- A sincere devotion to personal growth and self-awareness. Sincere is derived from the Latin ‘sine’ (without) and ‘cera’ (wax) or without wax. According to one popular explanation, dishonest sculptors in ancient Rome and Greece would cover flaws in their work with wax to deceive the potential buyer; therefore, a sculpture “without wax” would mean honesty in its imperfection. Authenticity is indicated by a level of comfort with one’s self and one’s cracks. This comes from a life-long commitment to knowing yourself. To quote Leonard Cohen, “Forget your perfect offering. There’s a crack in everything. That’s how the light gets in.”

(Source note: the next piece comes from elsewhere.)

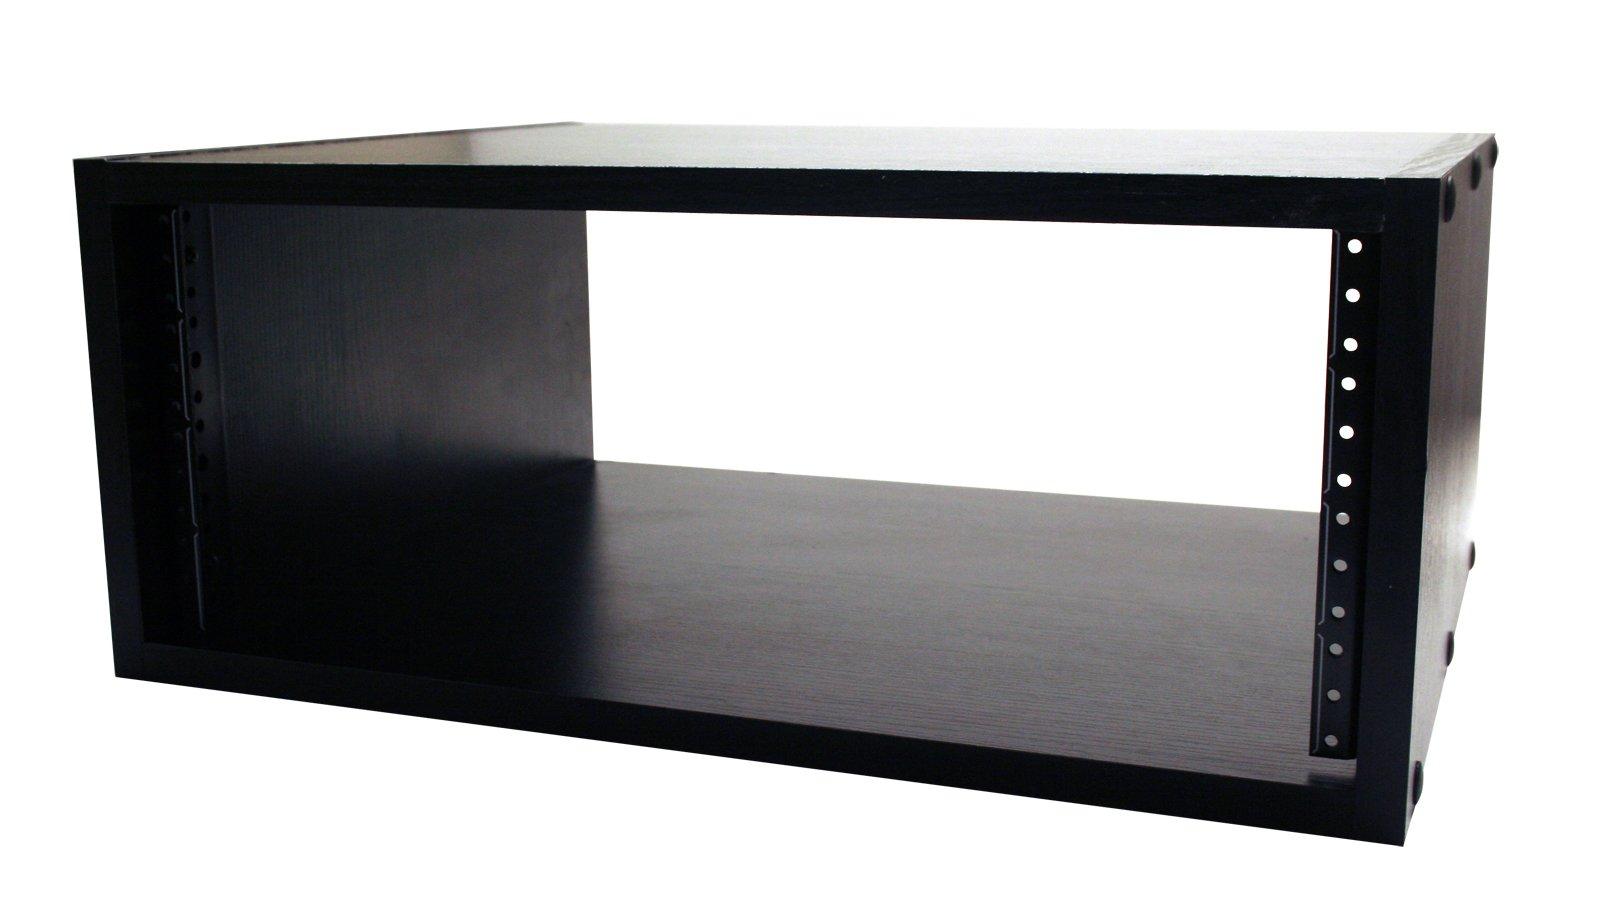 Gator Cases Wooden Studio Rack; 4U Size with 15.25'' Depth - Black (GR-STUDIO-4U) by Gator

- A commitment to discern how you share your imperfection with the world. Authenticity isn’t about exposing yourself recklessly. Authenticity, by definition, requires a commitment to both honesty and respect. Indiscriminate spewing of your faults, weaknesses, and emotions is disrespectful to the people who depend on you. This is why a dedication to self-awareness is an indication of authenticity. Don’t turn your team into your therapist. Be 100% honest with your support system away from your work, so you can be comfortable with yourself when you get to work.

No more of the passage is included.